# Xorbits inference (Xinference)

This notebook goes over how to use Xinference embeddings within LangChain

## Installation

Install `Xinference` through PyPI:

In [None]:
%pip install "xinference[all]"

## Deploy Xinference in a Distributed Cluster

Firstly, start an Xinference supervisor using the `xinference-supervisor`. You can also use the option -p to specify the port and -H to specify the host. The default port is 9997.

Then, start the Xinference workers using `xinference-worker` on each server you want to run them on. 

## Wrapper

To use Xinference with LangChain, you need to first launch a model. You can use the RESTfulClient to do so:

In [None]:
from xinference.client import RESTfulClient

client = RESTfulClient("http://0.0.0.0:9997")

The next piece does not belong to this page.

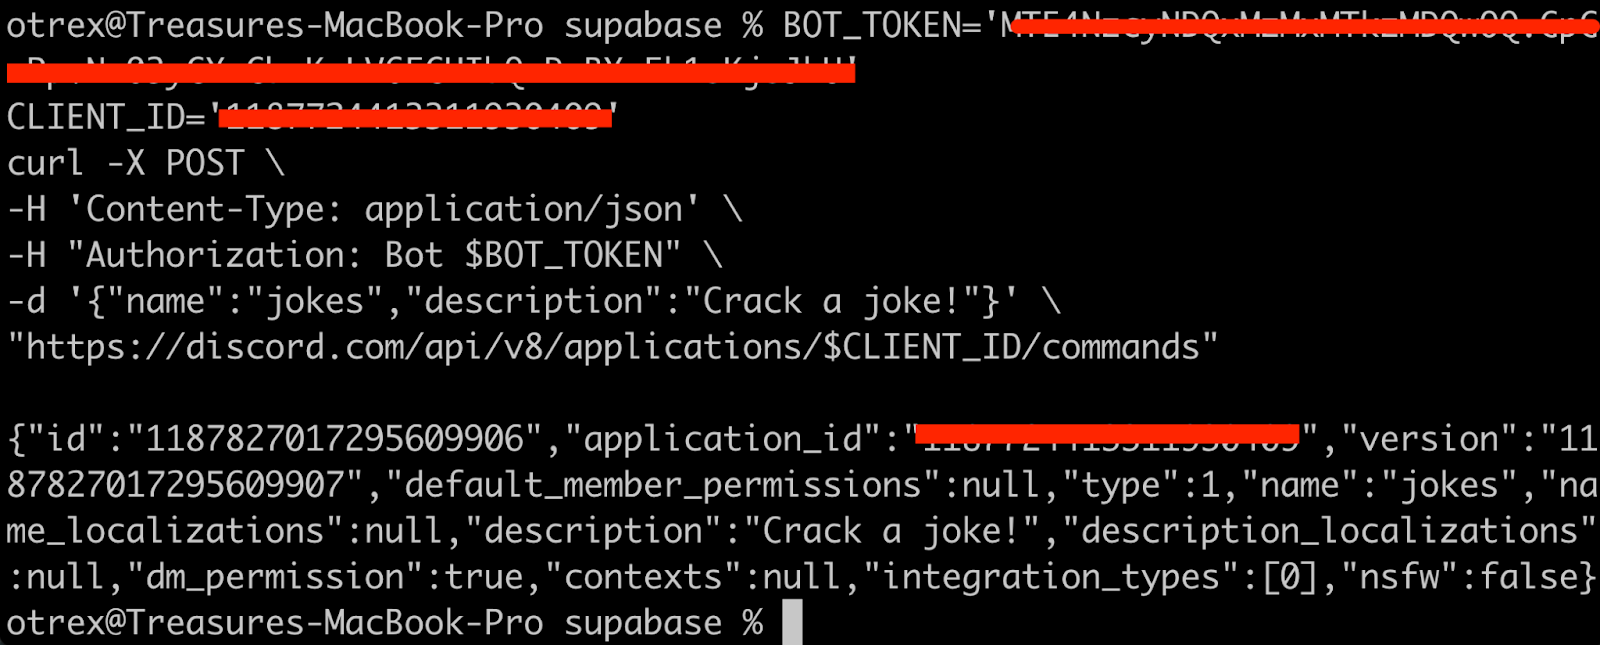 Appropriate BOT_TOKEN and CLIENT_ID

model_uid = client.launch_model(model_name="orca", quantization="q4_0", embedding = "True")

Now you can use Xinference embeddings within LangChain:

In [None]:
from langchain.embeddings import XinferenceEmbeddings

xinference = XinferenceEmbeddings(
    server_url="http://0.0.0.0:9997",
    model_uid = model_uid
)

In [None]:
query_result = xinference.embed_query("This is a test query")

In [None]:
doc_result = xinference.embed_documents(["text A", "text B"])

Lastly, terminate the model when you do not need to use it:

In [8]:
client.terminate_model(model_uid)